0

I have a sentence which contains attributes : "hey how <span target="">you</span>"

I would like to put 'hey', 'how', '<span target="">you</span>' in an array.

I used string.split(' ') and got ['hey','how','<span','target="">you</span>']

Is it possible to split all the words and use at the same time the regex in order to catch the words which begin with < and finish with > ?

Thank you

Seabon
  • 241
  • 1
  • 3
  • 14
  • Parsing HTML with regex is [dangerous territory](http://stackoverflow.com/a/1732454/382456), why do you need this? – Scott Jan 12 '17 at 16:14
  • I have a sentence : "hello how are you" (example) and I have to extract each words in an array and sometimes there are some html tags... So what do you suggest if it is not appropriate ? – Seabon Jan 12 '17 at 16:56

4 Answers4

1

If level of nested HTML tags is zero then this would help:

console.log('hey how <span target="">you</span>'.match(/(?!<)\S+|<(\w+)\b[^]*?\/\1>/g));
revo
  • 47,783
  • 14
  • 74
  • 117
0

regex should not be used to parse html - RegEx match open tags except XHTML self-contained tags

maybe you should ues jQuery?

$("#txt").text()
Community
  • 1
  • 1
Max Paymar
  • 588
  • 1
  • 7
  • 23
0

This should do the trick, but as @Scott mentioned regex may not be the appropriate way to handle html depending on your data.

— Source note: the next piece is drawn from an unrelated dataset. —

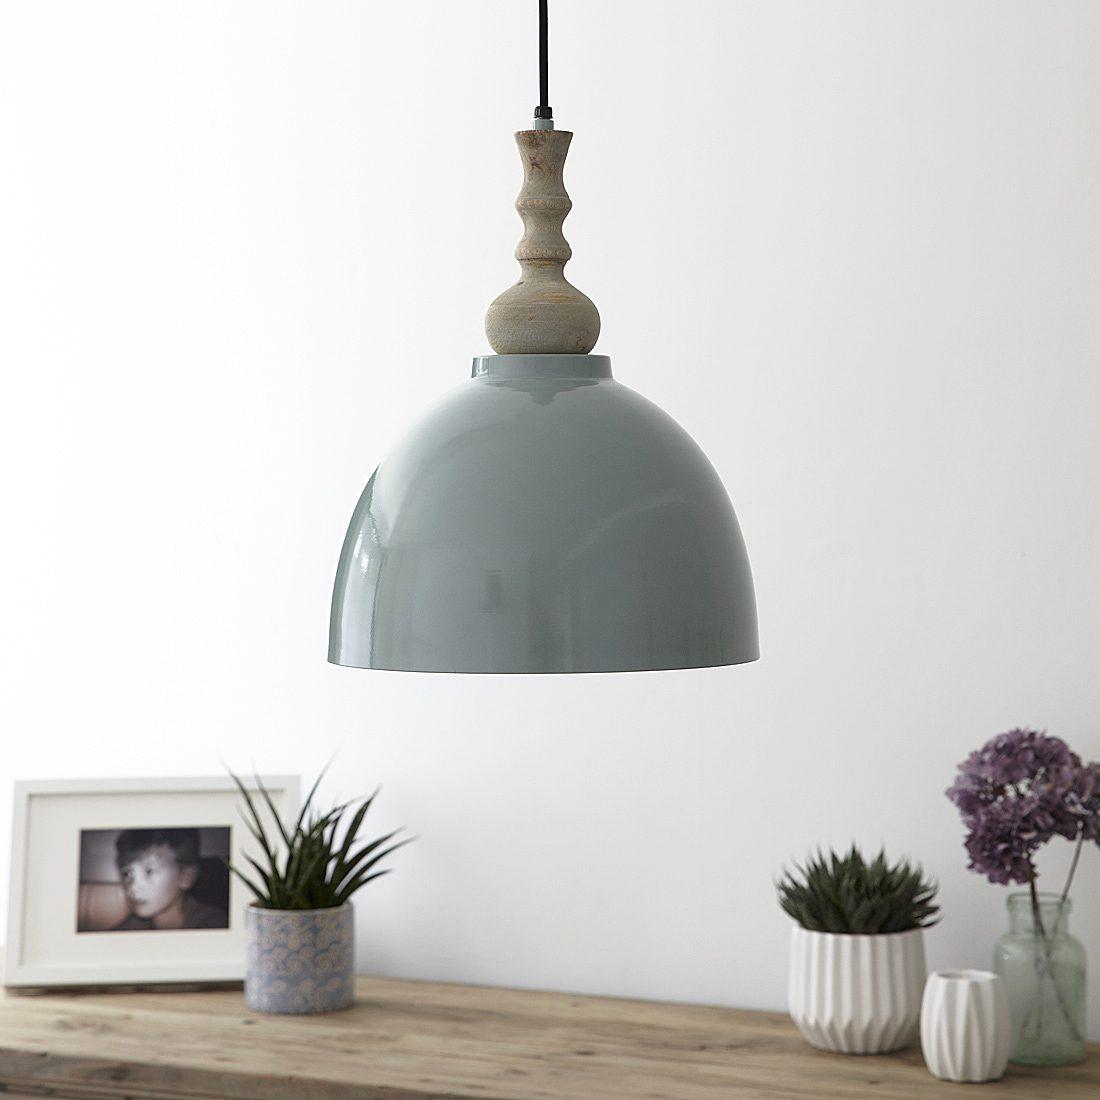 retro metal garden chairs chair bed uk duck egg pendant light with wooden top – primrose & plum

const regex = /\<.+?>.*?\<.+?>|\S+/g;
const str = `hey how <span target="">you</span>`;

console.log(str.match(regex));
Wagner DosAnjos
  • 6,304
  • 1
  • 15
  • 29
0

I would say don't parse html using Regex. Using jquery or javascript functions is much more easy and safe.

For,

<div id="sentence">
  hey how <span target="">you</span>
<div>

Do something on the lines of

$("#sentence").text() // JQuery

or

document.getElementById("sentence").innerText // Javascript

Both will give you -> hey how you

Piyush
  • 1,162
  • 9
  • 17